MOROCCAN WOMEN AND GENDER INEQUALITY IN THE WORKPLACE

http://www.europeanpwn.net/index.php?article_id=164

Both traditional and modern styles of clothing are deemed socially acceptable in Morocco.

I found this article particularly interesting as I am fascinated by the role of women in Arab society and culture. Moroccan society seems to be unsure of the role women should play. King Muhammad has certainly supported womens’ rights throughout his reign as king. Women enjoy more freedom than they did prior to 1999. This is evident in the workplace where women have begun to enter professions normally reserved for men. Women in Morocco can serve as pilots, judges and even murshidat (religious preachers). Traditionally the role of murshidat has been strictly reserved for men. Morocco is one of the only Muslim countries where women can serve in this role. While women in Morocco can pursue a wide array of professions, a recent UNICEF study indicated that Moroccan women make 40% less than men with similar degrees and positions.

I found it surprising that the author notes that an increasing number of Moroccan women are wearing the hijab (headscarf/veil). One reason the author gives for this shift is post 9/11 backlash against Muslims. In Morocco, the hijab is not a symbol of oppression. Women who chose to wear the veil perceive themselves as modern, educated and even emancipated. The streets of Morocco are filled with women wearing modern, western-style clothing and women covered in the traditional hijab. Both styles of clothing are deemed socially acceptable.
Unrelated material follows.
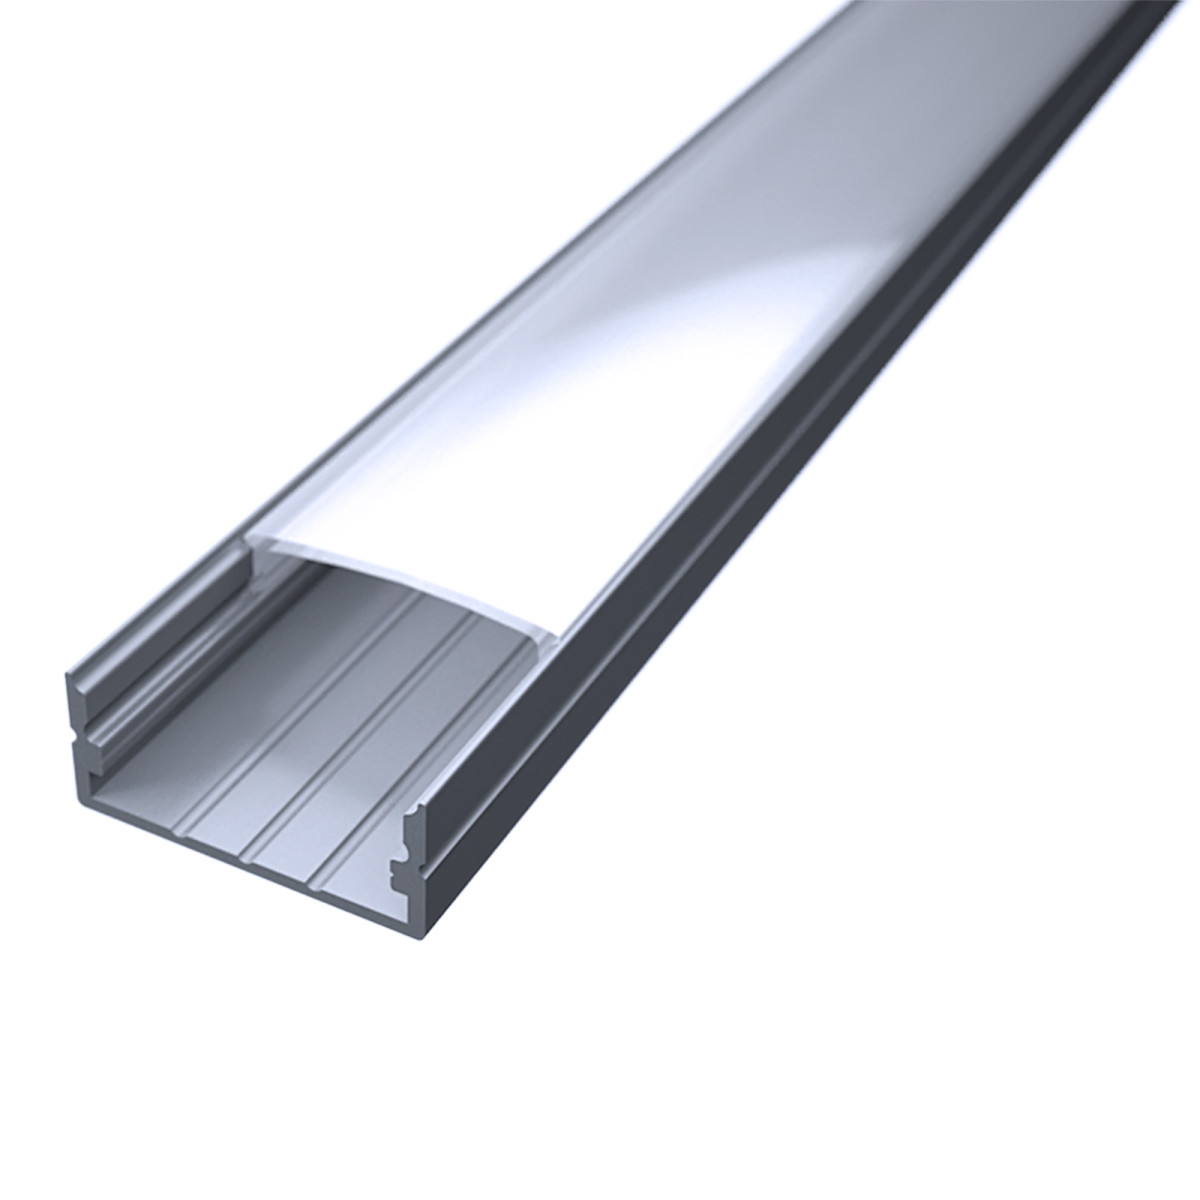 LED Flachprofil "Slim-Line max" | Abdeckung diffus | Zuschnitt auf 154cm |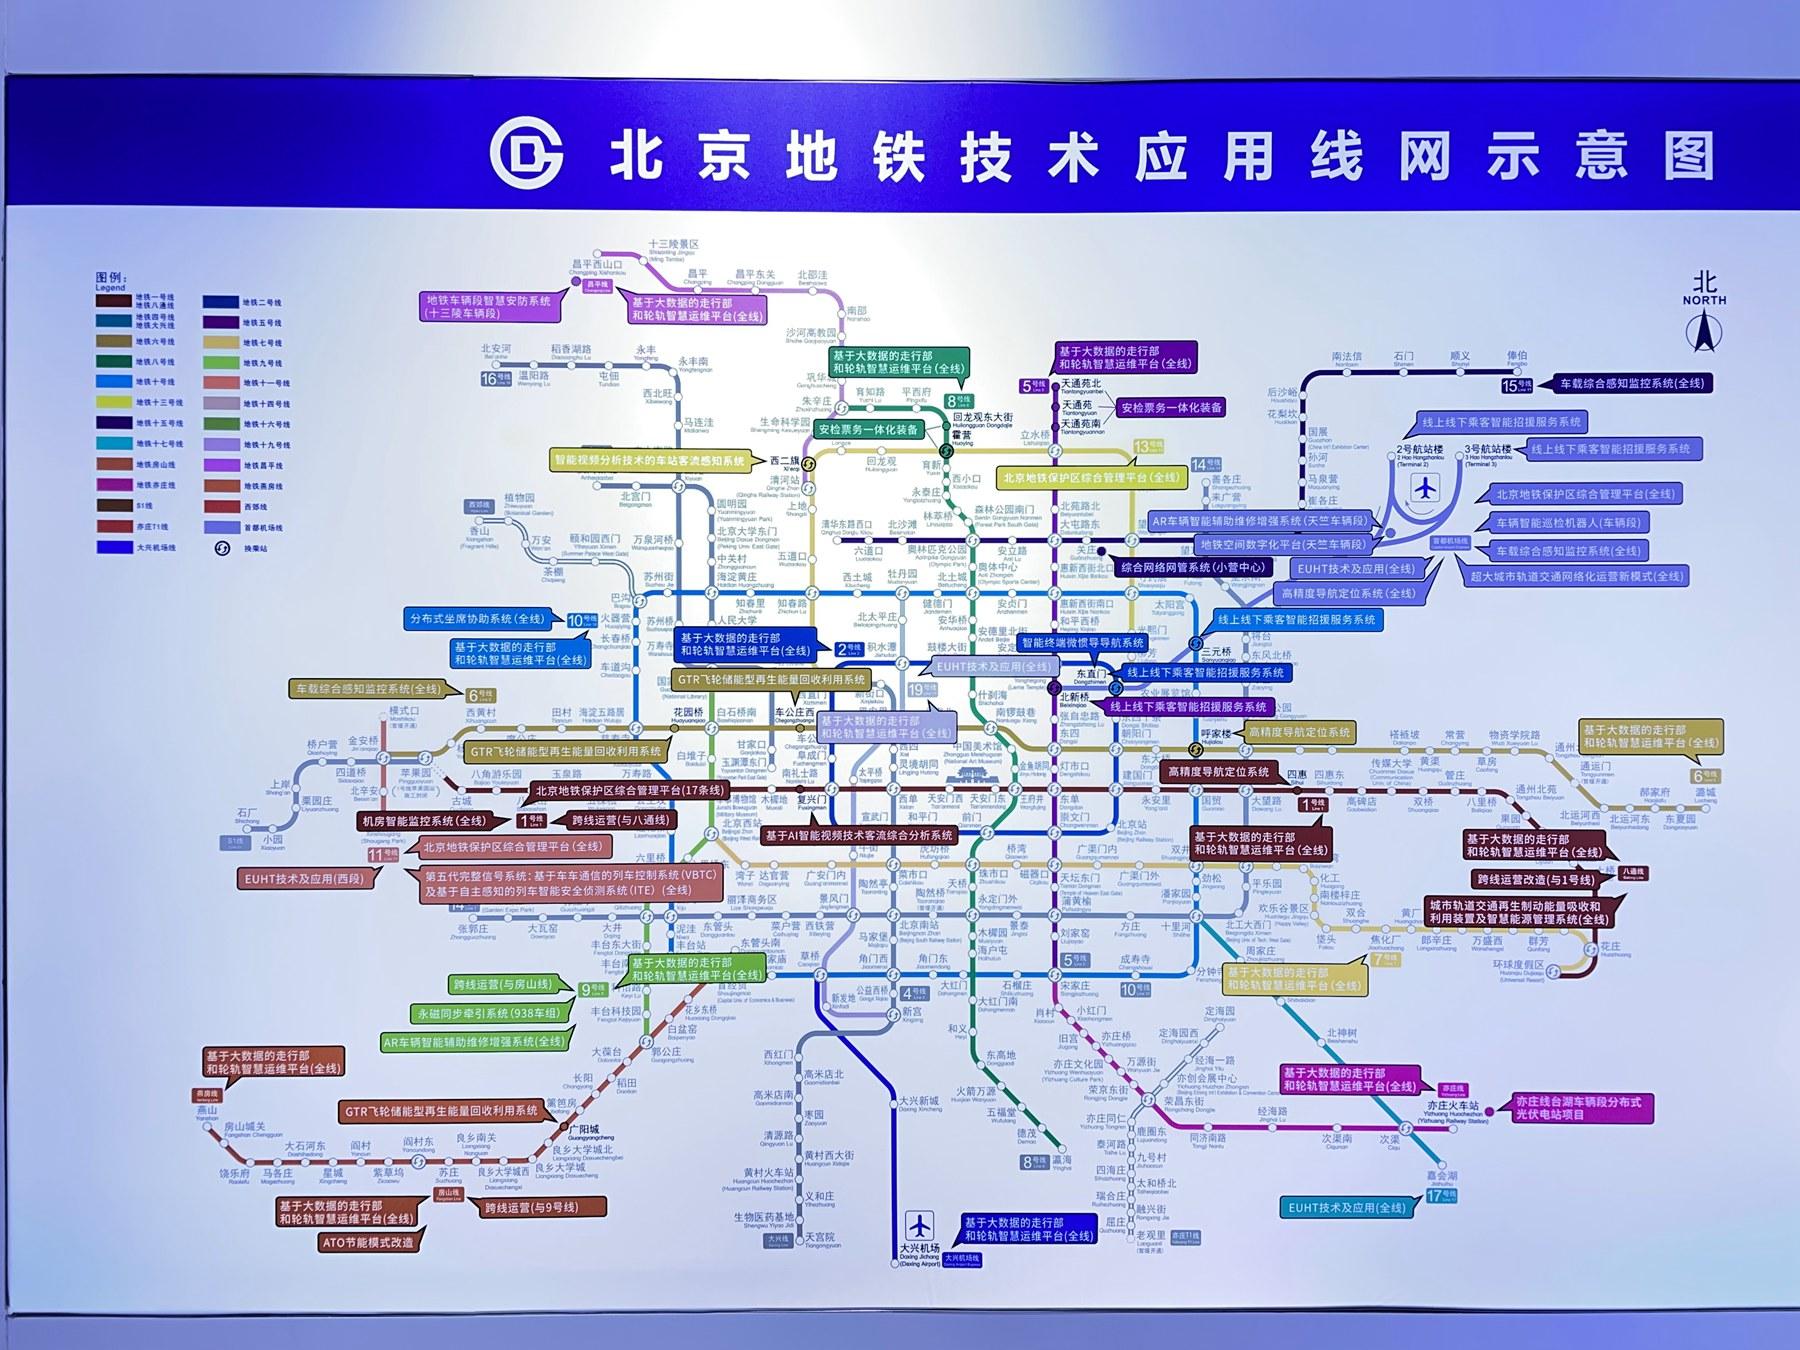 服贸会交通板块,北京地铁亮出秘密“武器”

The structure of the Moroccan family has also evolved to mirror the times. In the sixties, the divorce rate began to rise in Morocco until it reached 50% in the eighties. Divorce rates remained elevated until enforcement of a new family code in 2004. The new family code, sponsored by King Muhammad VI, forces husbands to pay alimony to their ex-wives and helps to guarantee fair treatment of women after a divorce. Before 2004, women could be left in dire economic situations following a divorce.  I think that the treatment and view of women in Moroccan society has greatly improved in recent years. This change has been largely catalyzed by King Muhammad VI’s policies that support gender equality. Women in Morocco exhibit many more freedoms than the majority of women in the Arab world. With this said, there is room for improvement and Moroccan employers need to address the startling pay discrepancy between men and women.